How Writers Write in the Digital Age
It’s no secret that to be a writer you have to be passionate about what you do and how you craft your work. The tools a writer uses to make their art are just as important as tools to a carpenter or other type of craftsmen. Except writers use pens, notebooks, typewriters and word processors instead of power tools to create their most famous works. Today, you’d probably imagine that everyone uses a computer – something connected to the cloud, so that they don’t lose any of their masterpieces. If you were to imagine your favorite author, what do you picture them using to construct your favorite characters and develop adventures for them to go on?
This article is going to go over a couple of today’s big-name writers and what tools they use to craft their work.
Arguably one of the most successful and recognizable names in contemporary literature, Stephen King doesn’t find sitting at a computer helpful for developing his tales of horror – so he uses a simple Waterman fountain pen. King himself has described his Waterman pen in the Author’s Note of his novel “Dreamcatcher” as “the world’s finest word processor.” Stephen King found that the tactile act of using a fountain pen forces him to slow down and think about each word.
George R.R. Martin
Author of the immensely popular “A Song of Ice and Fire” series, George R.R. Martin is no stranger to science fiction and fantasy – he’s been writing in television since the ‘60s. During his TV days, he would write using a typewriter or traditional pen and paper.
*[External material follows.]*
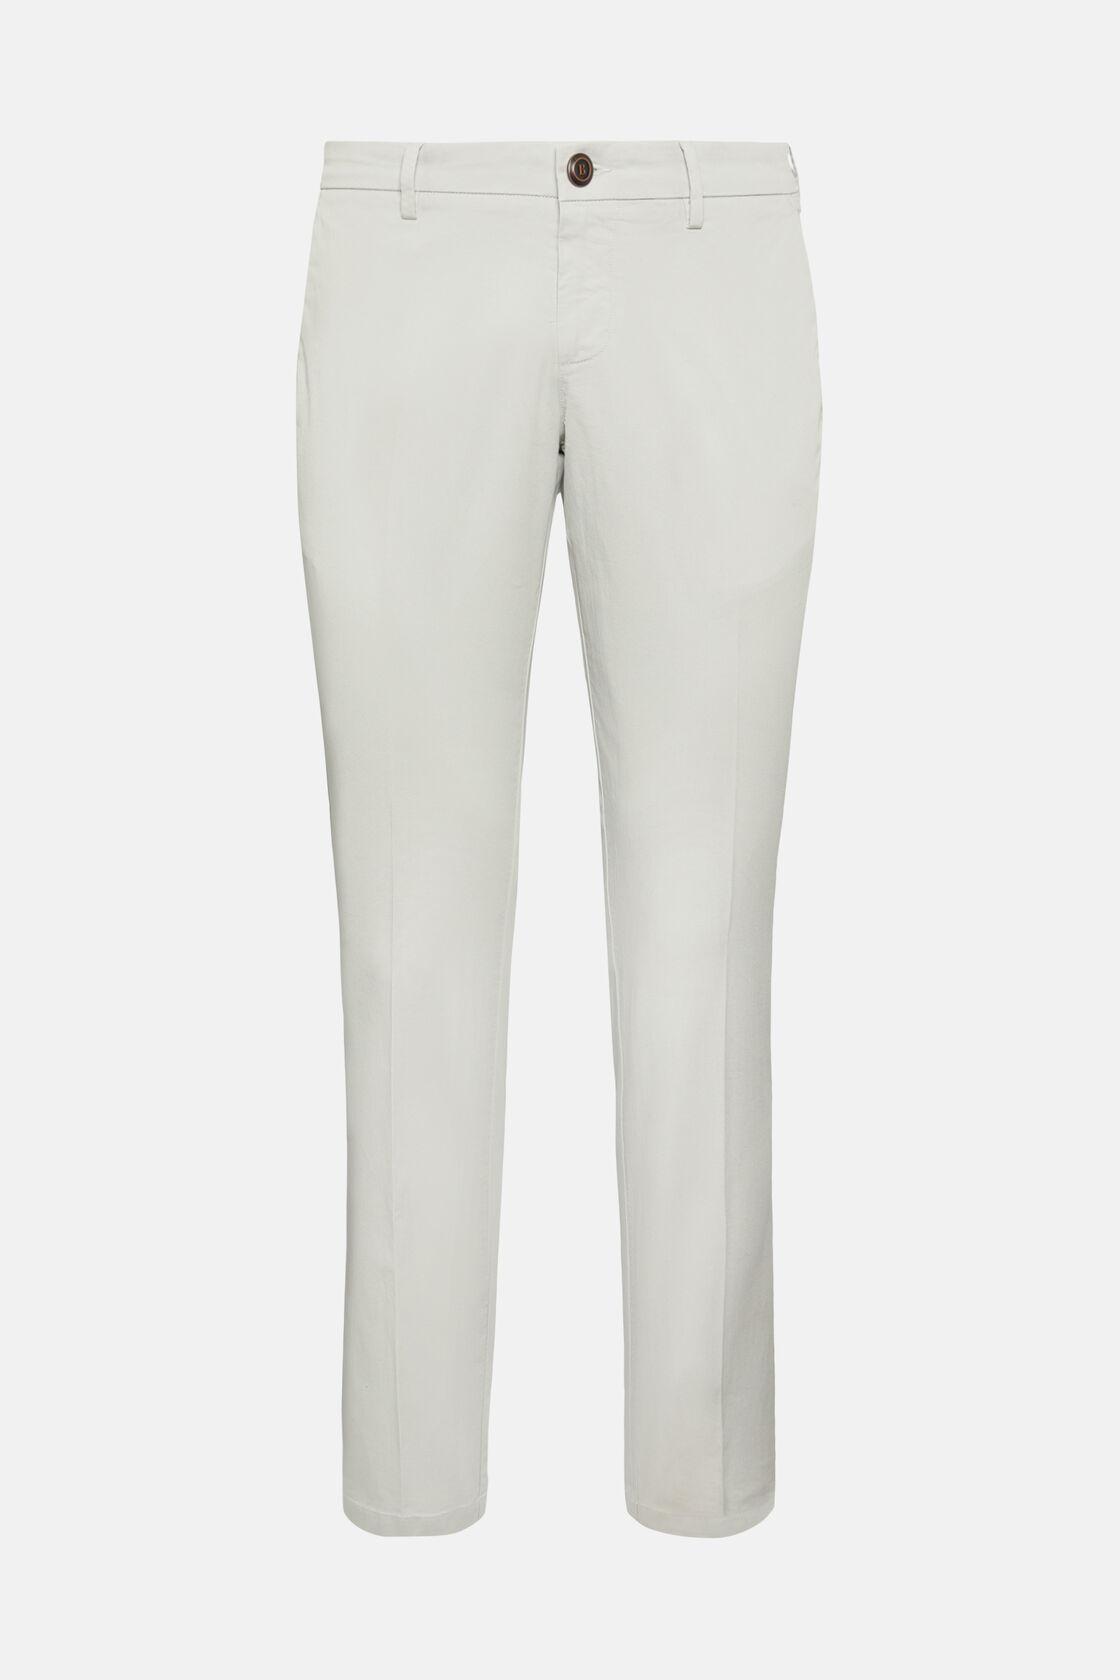 Pantalon En Coton Extensible, Light grey, hi-res

However, George R.R. Martin books are epically long and elaborate, and surely require the content management of a modern word processor, right? Sort of. George R.R. Martin uses a word processor, but it is one of the first word processors eve created – Wordstar 4.0 that runs on DOS.
In an interview with Conan O’Brien, he had this to say about his “ancient” computer:
“I actually like it. It does everything I want a word processing program to do and it doesn’t do anything else. I don’t want any help, you know? I hate some of these modern systems where you type a lowercase letter and it becomes a capital. I don’t want a capital. If I wanted a capital I would have typed a capital. I know how to work the shift key “
It’s okay George, write with whatever program you like, as long as you finish Winds of Winter – and soon!
Like Stephen King, Neil Gaiman is also a master of the weird and wild worlds of the dark places in your imagination. When he’s writing screenplays he values the “immediacy of the computer” in that he can quickly make edits to get through them faster. However, also like Stephen King, he prefers to use a fountain pen when he’s writing and outlining novels. Neil Gaiman likes to avoid external distractions when he’s trying to build and lay out the elaborate landscapes of his dreamlike worlds so he often hides in a cabin or hotel room. The manual act of penning down his imagination keeps his mind focused on the moment and scene he is currently writing.
Neil likes to use different color pens when he’s writing a book, so he can track his daily progress. When defining the success of a day’s worth of writing, he says:
“A good day is defined by anything more than 1,500 words of comfortable, easy writing that I figure I’m probably going to use most of in the end.”
Even though we live in the 21st Century, some of the best writers still use older technology to get their thoughts and imaginations out to the people.